Managerial capitalism history
When professional managers run companies; characteristic of the period of American business development when family members yielded control of their companies to professionals. The term helps distinguish the early period of American business, leading to the Civil War, with the period that followed, when businesses began to be run by professional managers trained in various specialty disciplines.
This period coincides with the widespread emergence of stock companies, when many companies sold stock for the first time in order to expand. In the 1840s and 1850s, manufacturing and RAILROADS (especially railroads) began to grow exponentially, requiring managers with more than one set of skills. After the Civil War, as the railroads continued to expand westward, the need for professional managers became more pronounced as the organizations grew larger and more complex. Quite often, business organizations would still be run by family members, although they were increasingly staffed by professional managers, hired from the outside.
After the turn of the 20th century, as the need for managers became more recognized, many business school programs were instituted to provide graduate, and later undergraduate, training for this new managerial class.
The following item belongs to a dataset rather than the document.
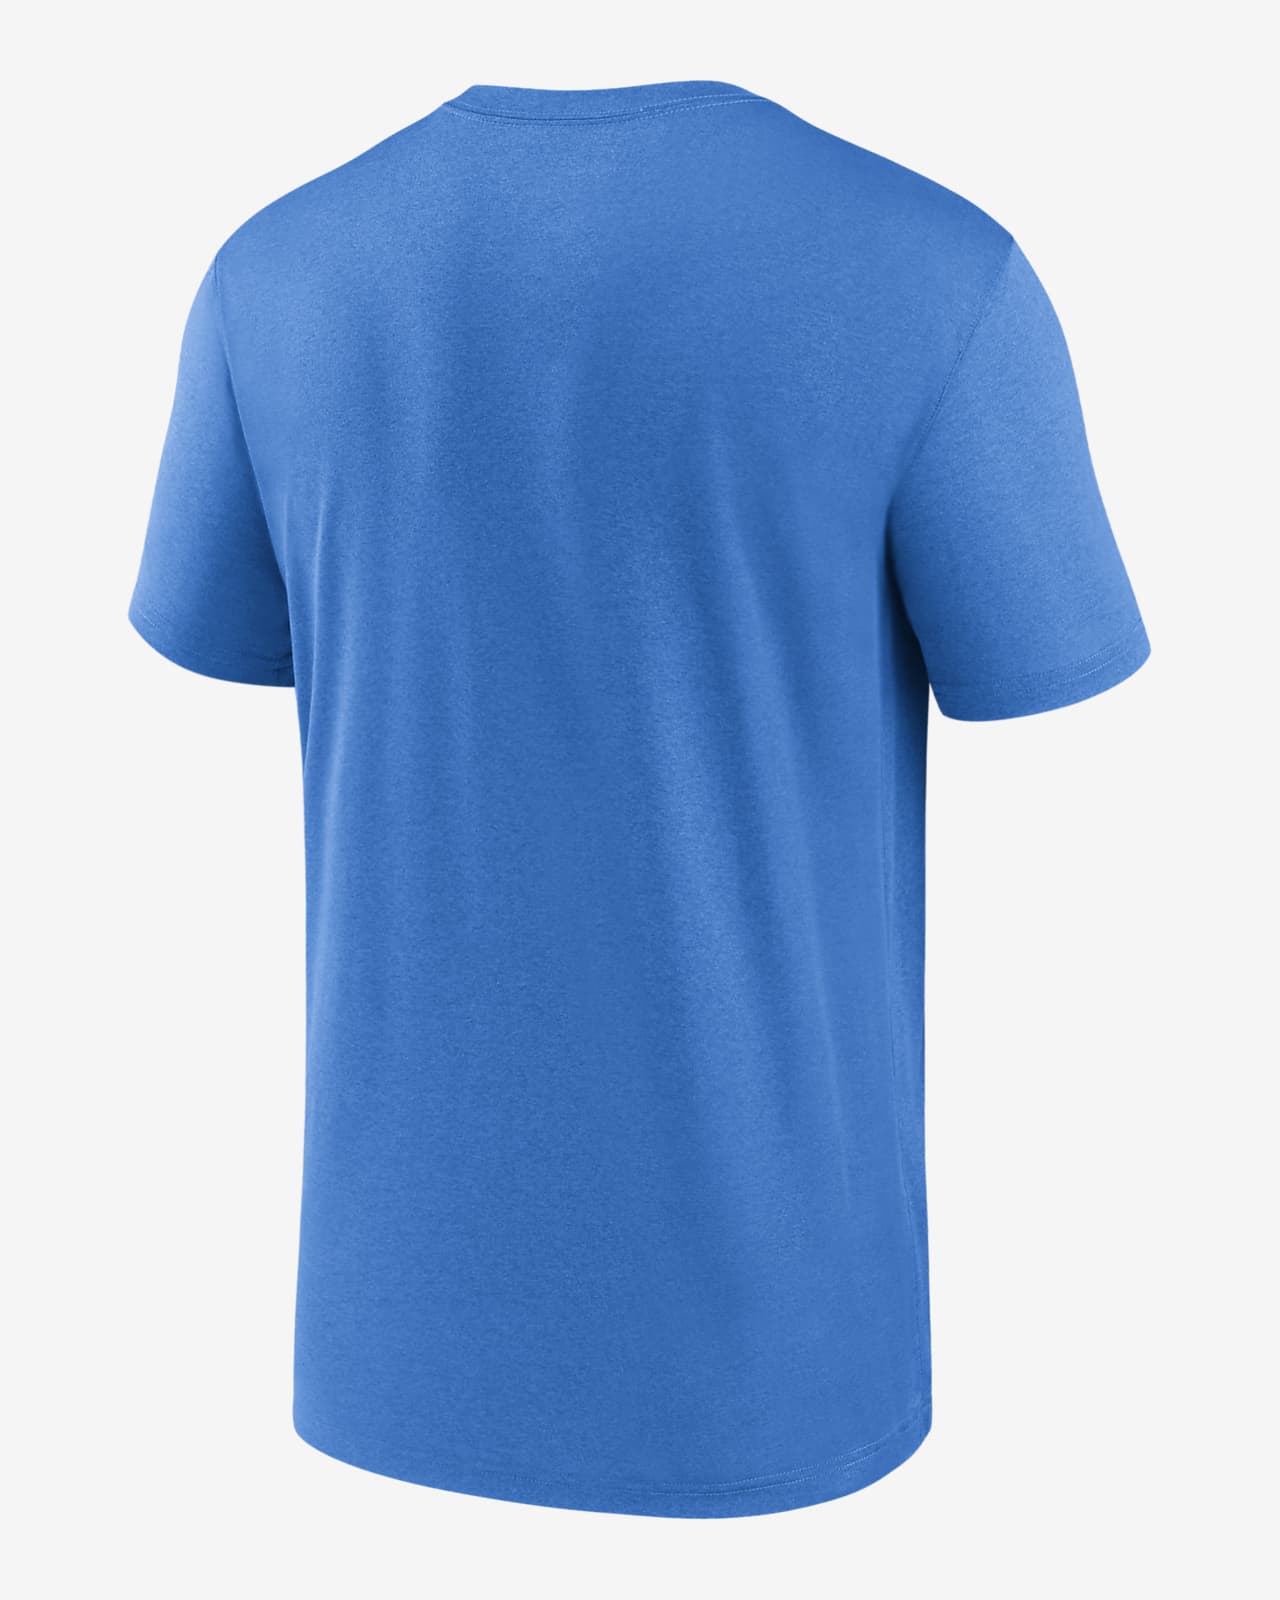 side synder snak Nike Dri-FIT Wordmark Legend (NFL Los Angeles Chargers) Men's T-Shirt. Nike .com

The Harvard Graduate School of Business was the first graduate program in the country instituted for this purpose.
In the 20th century, the trend became more clear as fewer and fewer companies remained in family or founders’ hands. The rise of the modern CORPORATION after World War I was an excellent example. The size and complexity of DuPont and GENERAL MOTORS, the latter headed by Alfred SLOAN, showed that the 20th-century corporation had become too large to be ruled from the top and now required skilled and trained managers at various stages and levels of organization.
The success of larger business enterprises managed by professionally trained managers became the cornerstone of American business in the 20th century. In many cases, this success can be seen in the MERGERS and acquisitions trend that characterized several decades of the 20th century and the rise of the conglomerate organization in the 1950s and 1960s. In addition, many business disciplines created “managerial” tracks in the post–World War II years, and such disciplines as managerial accounting, finance, economics, and information sciences now exist and are designed to train potential managers in decision making and cooperative planning.
See also DUPONT DE NEMOURS & CO., E. I.; HARVARD BUSINESS SCHOOL; TAYLOR, FREDERICK WINSLOW.
Further reading
- Chandler, Alfred D., Jr. The Visible Hand: The Managerial Revolution in American Business. Cambridge, Mass.: Harvard University Press, 1977.
- Marris, Robin. Managerial Capitalism in Retrospective. New York: St. Martin’s Press, 1998.